John Quarles (1624 or 1625 – 1665) was an English poet.

==Life==
One of the eighteen children of Francis Quarles and Ursula Woodgate, Quarles may have been born in Essex in 1624. He was educated under the care of Archbishop James Ussher. Quarles matriculated at Exeter College, Oxford, on 9 February 1643, but does not seem to have taken a degree.

During the English Civil War, Quarles joined the Royalist cause and served as a soldier at the garrison at Oxford, England. After the Parliamentarian victory, Quarles was first imprisoned and later banished from England. While in banishment in Flanders he wrote the poems contained in his first published volume, Fons Lachrymarum.

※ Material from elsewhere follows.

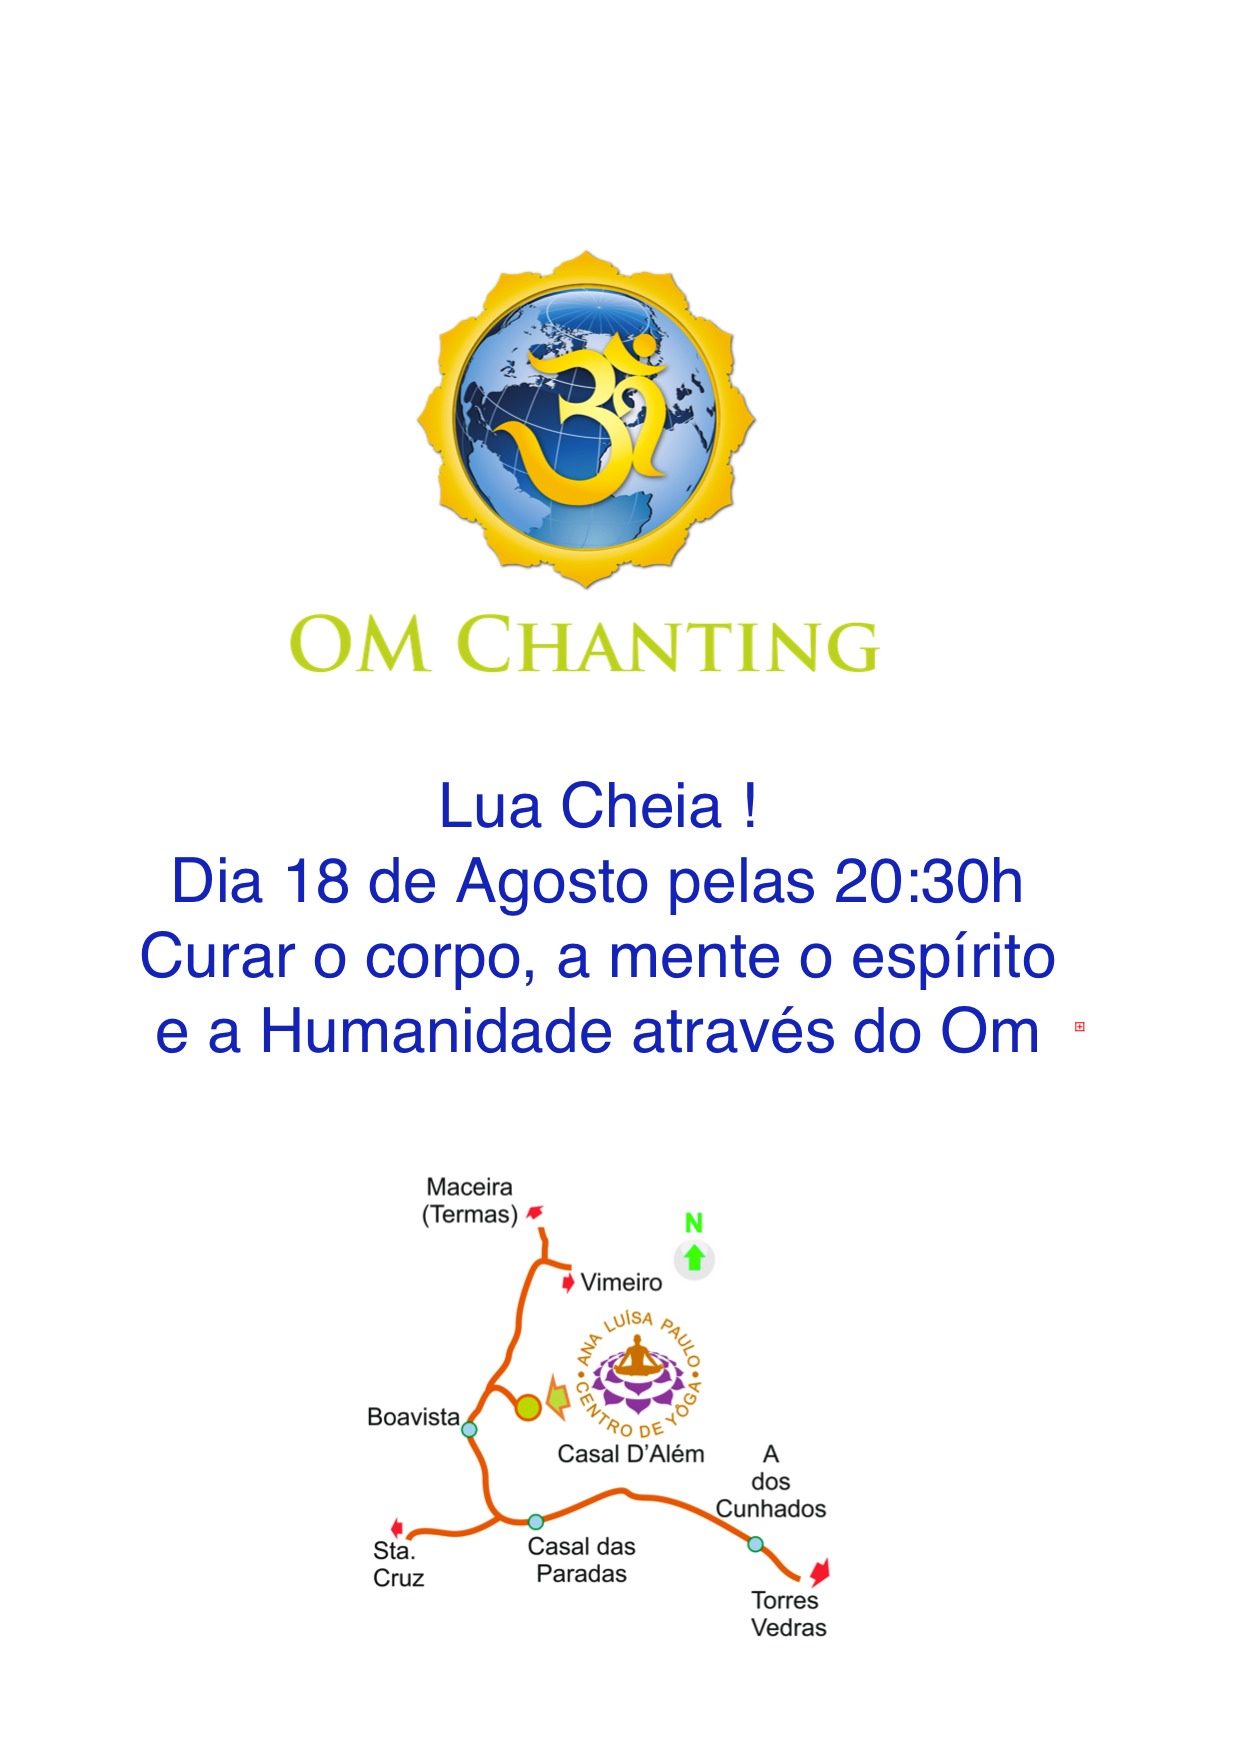 Om Chanting Lua Cheia, Dia 18 de Agosto !

Quarles was back in England in 1648, but his "occasions beyond sea" compelled him to leave again in 1649. The date of his final return to England is unknown.

Towards the end of his life Quarles became impoverished, surviving off his literary work. In 1665, he died during the Great Plague of London.

==Works==
The published works of Quarles are:
- Fons Lachrymarum, or a Fountain of Tears; from whence flow England's Complaint, Jeremiahs Lamentations paraphras'd, with Divine Meditations. And an Elegy upon that Son of Valor, Sir Charles Lucas, London, 1648; reprinted 1649, 1655, 1677.
- Regale Lectum Miseriæ, or a Kingly Bed of Miserie. In which is contained a Dreame; with an Elegy upon the Martyrdome of Charles, late King of England. … And another upon … Lord Capel. With a Curse against the Enemies of Peace, and the Authors Farewell to England, London, 1648; reprinted 1649, 1658, 1659, 1660, 1679.
- Gods Love and Mans Unworthiness, London, 1651; reprinted, with Divine Meditations, 1655.
- The Tyranny of the Dutch against the English. … And likewise the Sufferings and Losses of Abraham Woofe … and others in the Island of Banda, London, 1653 (prose); reprinted 1660.
- Divine Meditations upon several Subjects …, London, 1655; reprinted 1663, 1671, 1679.
- The Banishment of Tarquin, or the Reward of Lust, annexed to Shakespeare's Rape of Lucrece, London, 1655.
- An Elegie on … James Usher, L. Archbishop of Armagh, …, London, 1656.
- The History of the most vile Dimagoras …, London, 1658.
- A Continuation of the History [by his father] of Argalus and Parthenia, London, 1659.
- Rebellions Downfall, London, 1662, broadside.
- Londons Disease and Cure. Being a Soveraigne Receipt against the Plague, for Prevention sake, London, 1665, broadside.
- The Citizens Flight, with their Recall, to which is added Englands Tears and Englands Comforts, London, 1665.
- Self-Conflict, or the powerful Motions between the Flesh and Spirit, represented in the Person … of Joseph … , London, 1680; reprinted, with a slightly different title (Triumphant Chastity, or Joseph's Self-Conflict), 1684.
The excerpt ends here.